Data below:
────────────────────────────────────────
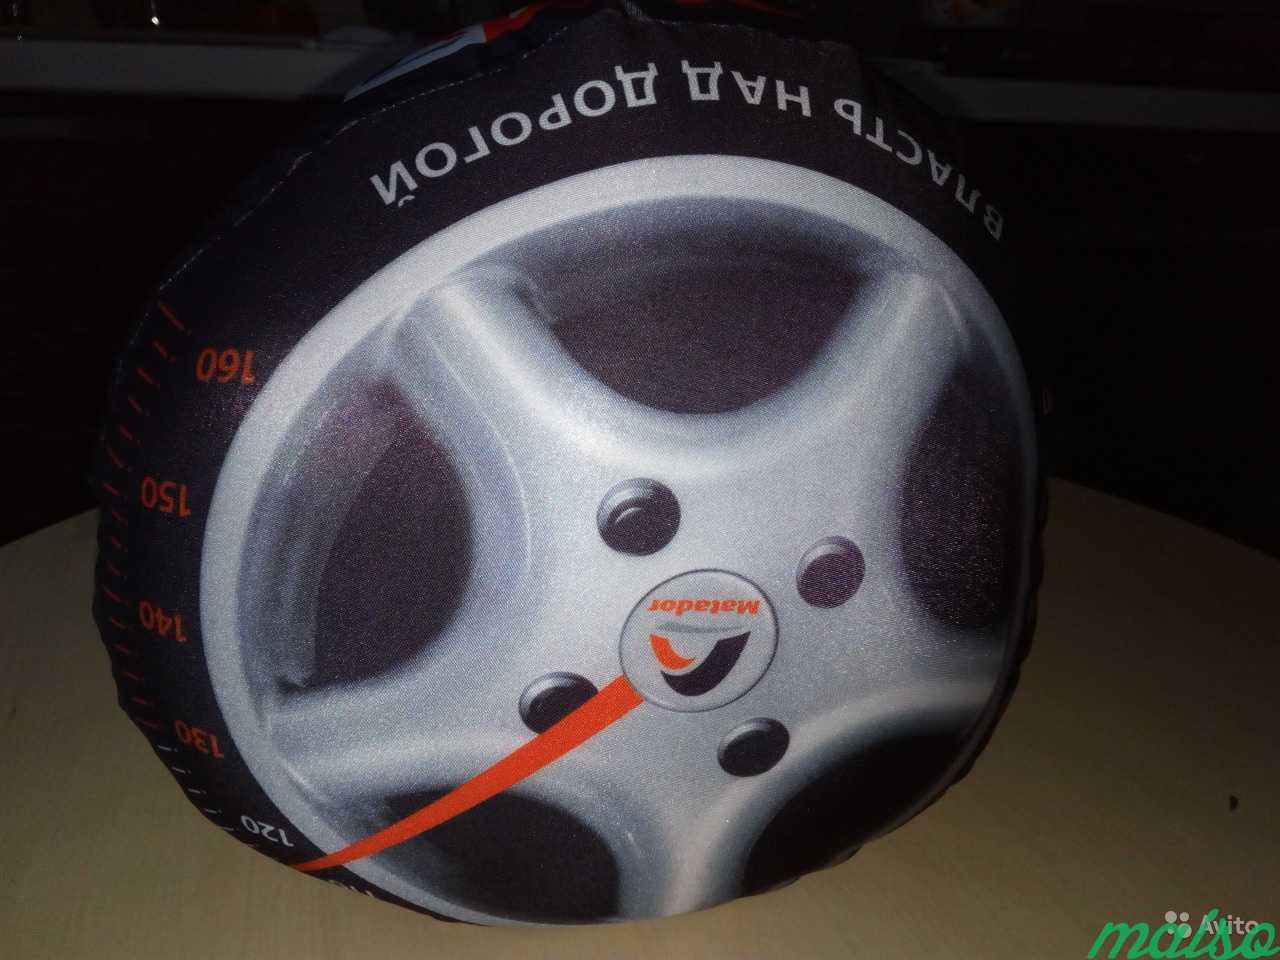 Подушка-антистресс колесо в Москве. Фото 3
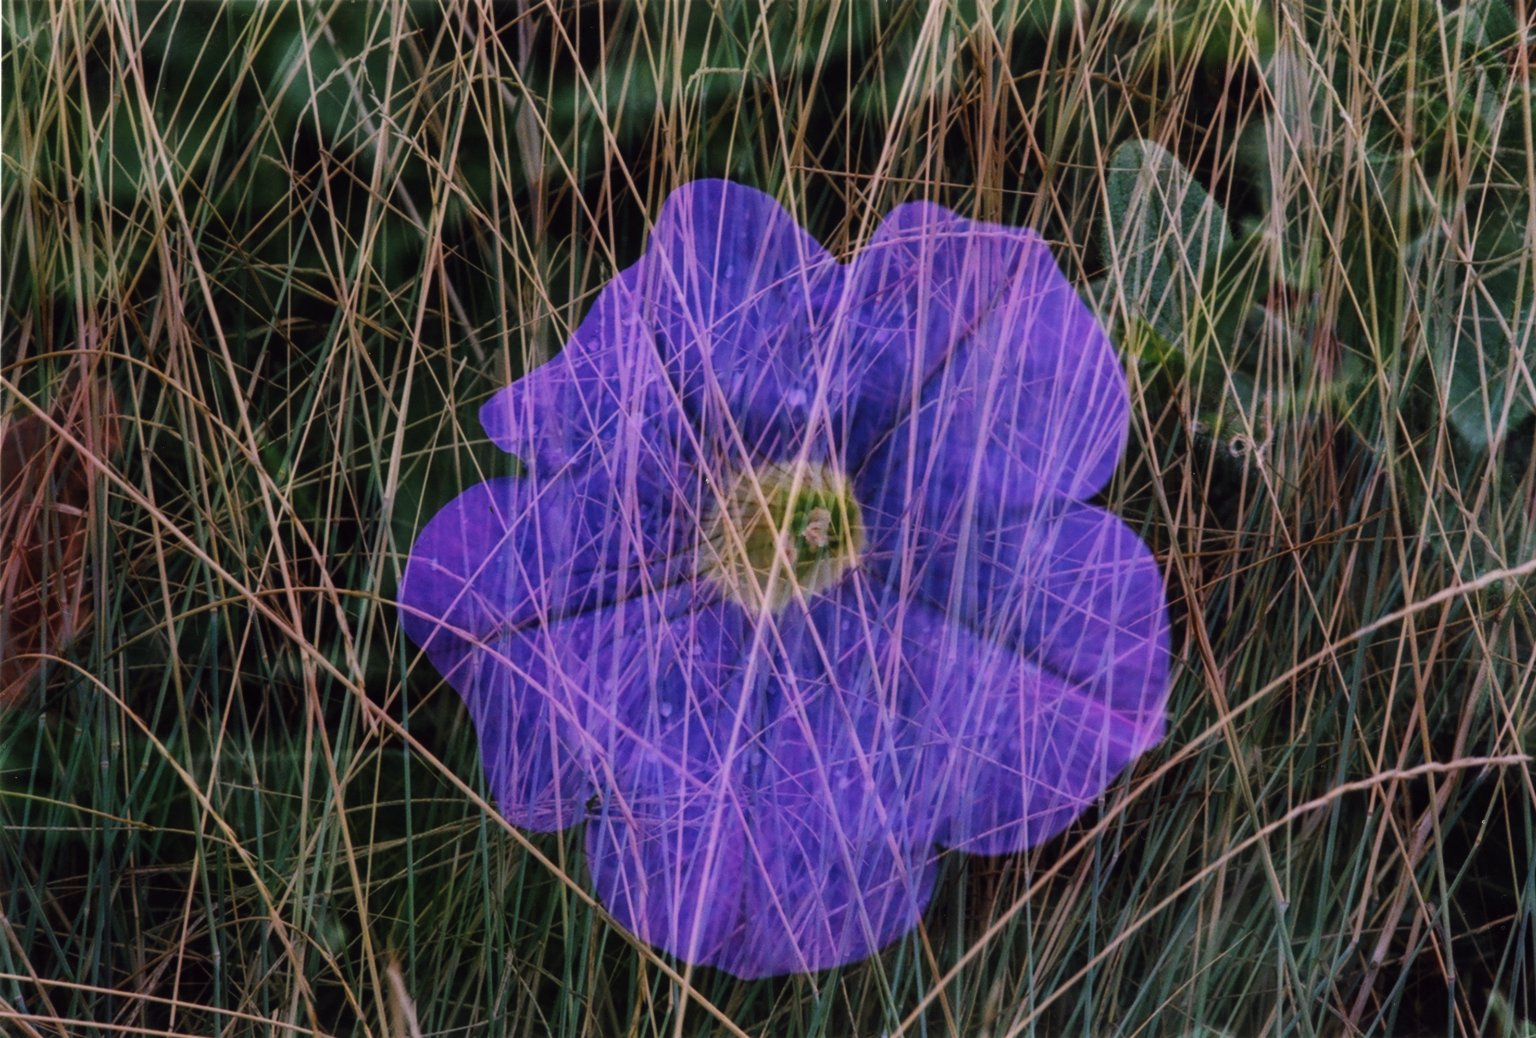 Double Exposure- Purple flower over grass stalks
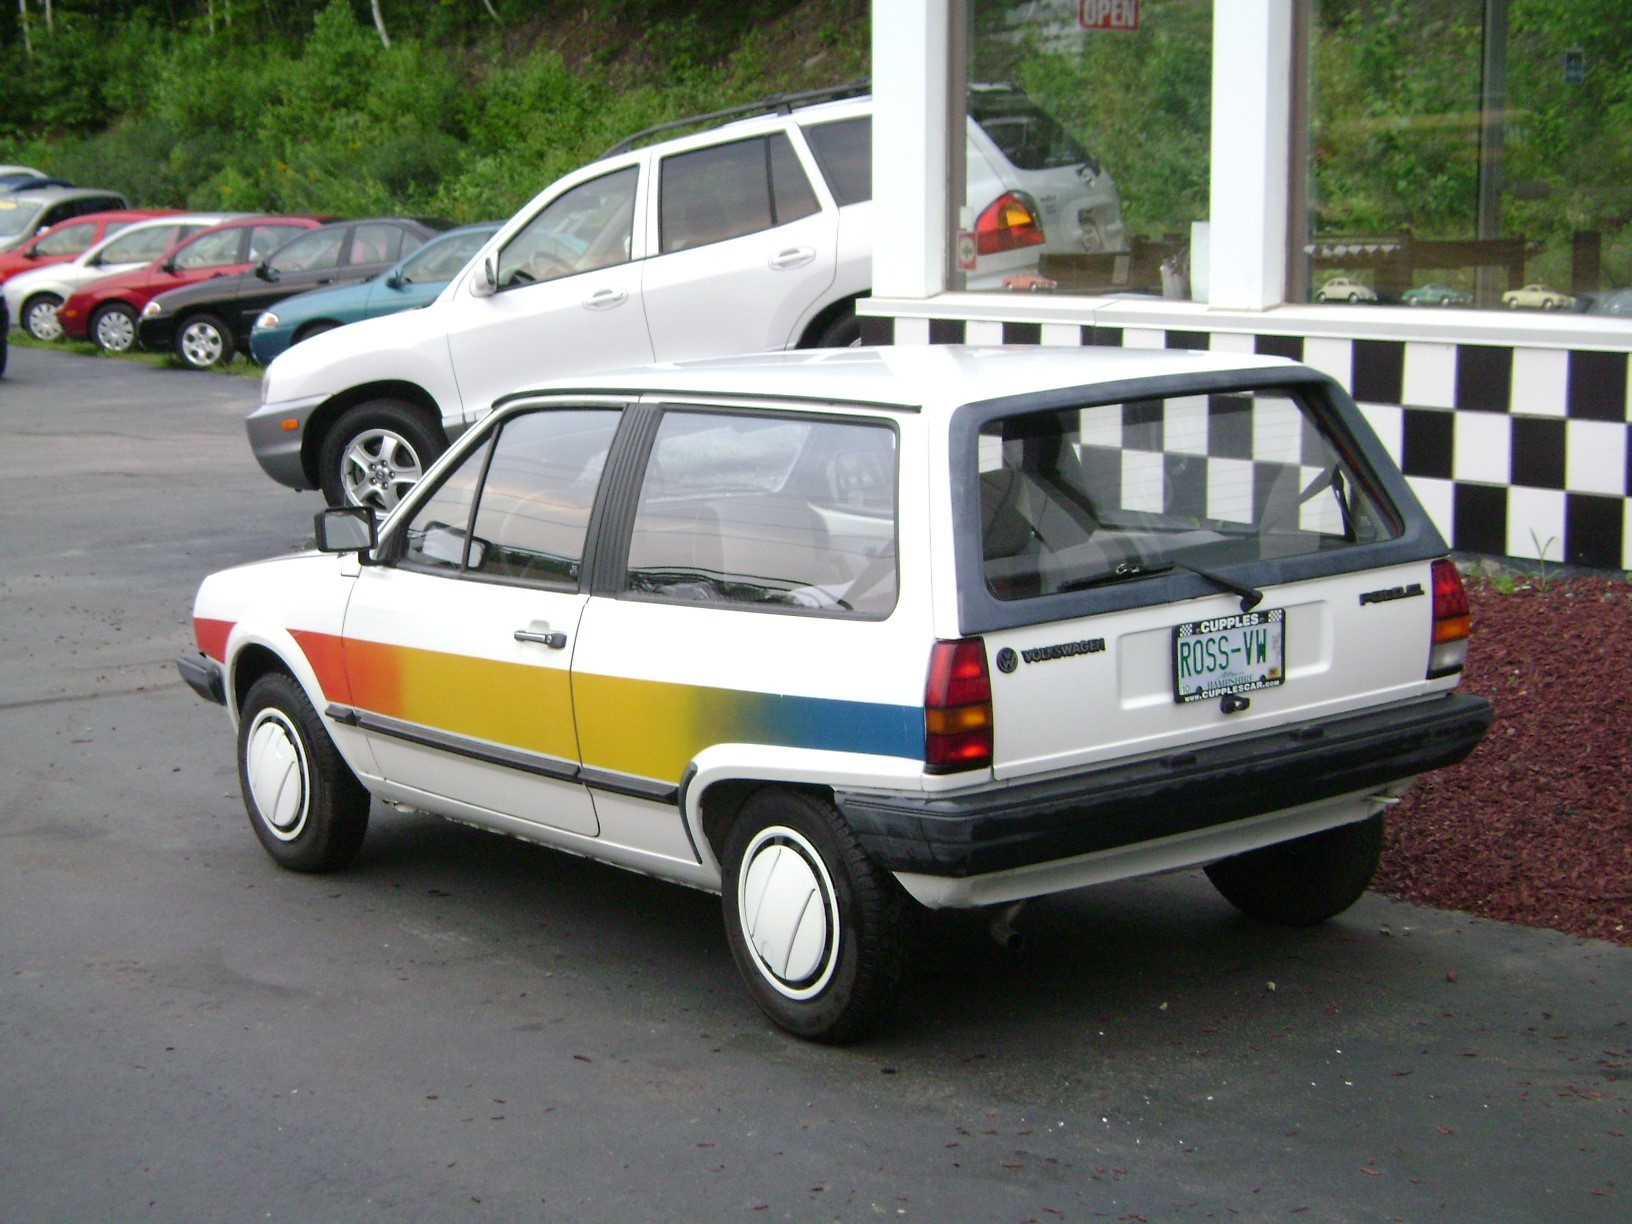 Volkswagen Oko-Polo - Volkswagen Oko-Polo
────────────────────────────────────────
Output nothing but the lines from the line with "Double Exposure- Purple" through the last line of the material above, please, word for word and without the pictures.

Result of this task:
 Double Exposure- Purple flower over grass stalks
 Volkswagen Oko-Polo - Volkswagen Oko-Polo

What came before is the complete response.